There are certain documents that at various times have been accepted as genuine, but which are now rejected, and considered to be fabrications, by most, if not by all, critical Masonic writers. The question of their authenticity has been thoroughly gone into by Brother R. F. Gould History of Freemasonry, chapter xi and he places them all "within the category of Apocryphal Manuscripts."

The first is the Leland-Locke Manuscript (see Leland Manuscript) .

The second is the Steinmetz Catechism, given by Krause as one of the three oldest documents belonging to the Craft, but of which Gould says, "there appears to me nothing in the preceding 'examination' (or catechism) that is capable of sustaining the claims to antiquity which have been advanced on its behalf."

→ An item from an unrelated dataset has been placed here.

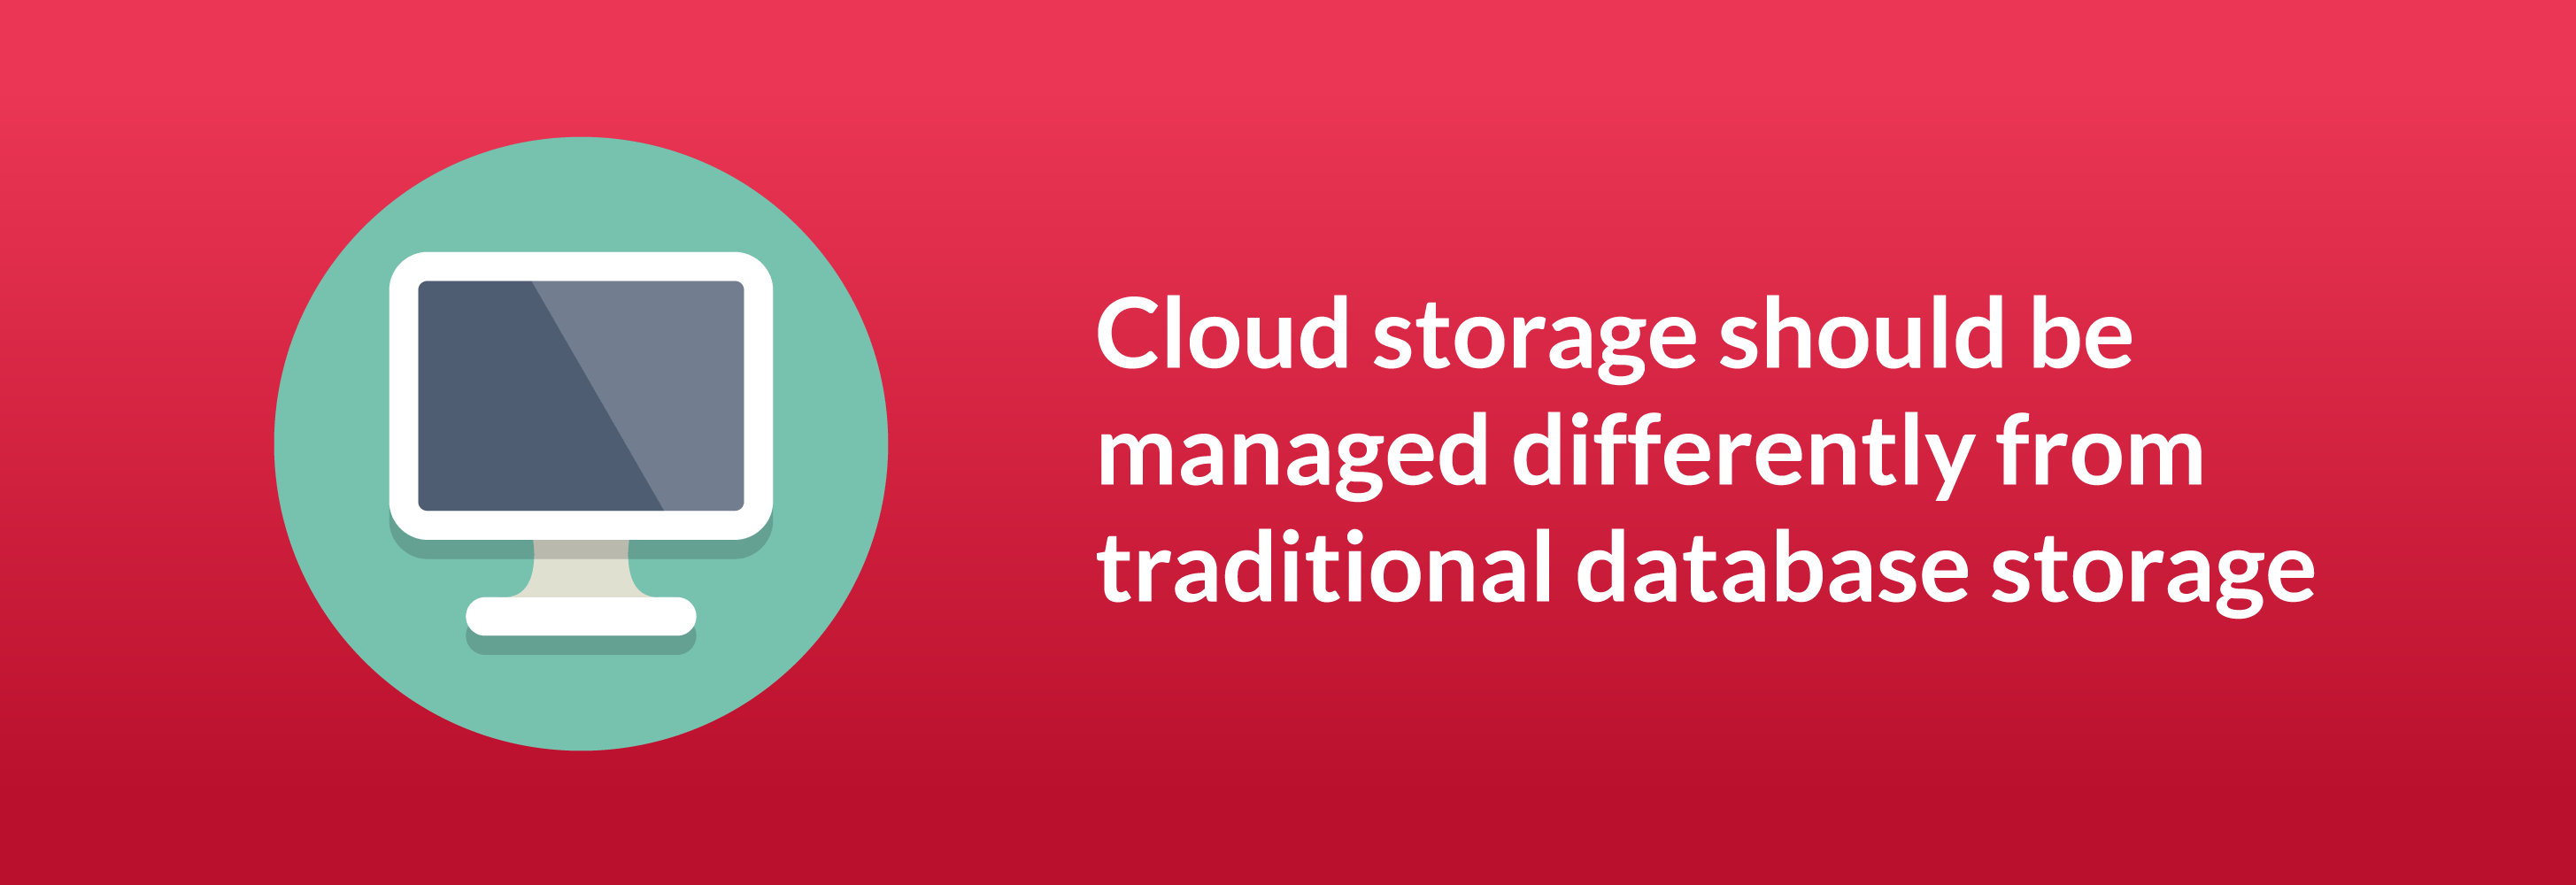 Cloud storage should be managed differently from traditional database storage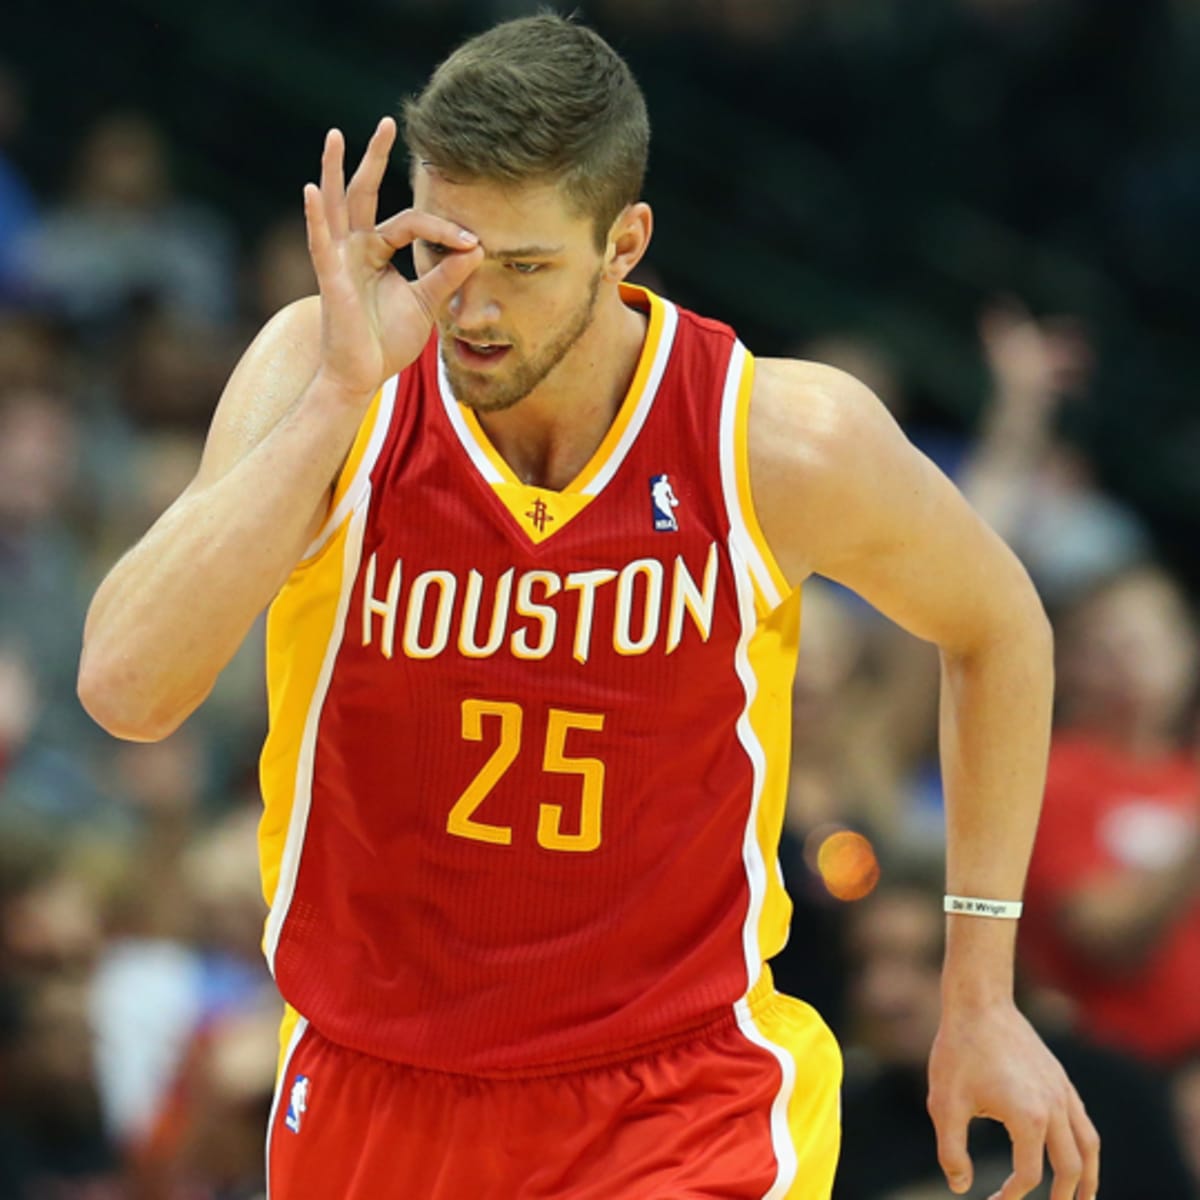 Chandler Parsons with Houston Rockets (Source: si.com)

The third is the Malcolm Canmore Charter, which came to light in 1806, consequent upon the "claim of the Glasgow Freemen Operatinc Saint John's Lodge to take precedence of the other Lodges in the Masonic procession, at the Saving of the foundation-stone of Nelson's Monument on Glasgow Green, although at that time it was an independent organization According to the Charter, the Glasgow Saint John's Lodge was given priority over all the other Lodges in Scotland by Malcolm III, King of Scots, in 1051. The controversy as to the document was lively, but finally it was pronounced to be a manufactured parchment, and the Grand Lodge of Scotland declined to recognize it of value.

The fourth is that of Krause, known as Prince Edwin's Constitution of 926. Upon this unquestioned reliance had for decades been placed, then it came to be doubted, and is now little credited by inquiring Freemasons. Brother Gould closes with the remark:

The original document, as commonly happens in forgeries of this description, is missing; and how, under all the circumstances of the case Krause could have constituted himself the champion of its authenticity, it is difficult to conjecture. Possibly, however, the explanation may be, that in impostures of this character, credulity, on the one part, is a strong temptation to deceit on the other, especially to deceit of which no personal injury is the consequence and which flatters the student of old documents with his own ingenuity.

These remarks, says Brother Hawkins, who prepared this article, are specially quoted as relating to almost all apocryphal documents.

The fifth is the Charter of Cologne, a document in cipher. bearing the date June 24, 1535, as to which see Cologne, Charter of.

The sixth is the Larmenius Charter, or The Charter of Transmission, upon which rests the claims of the French Order of the Temple to being the lineal successors of the historic Knights Templar, for which see Temple, Order of the.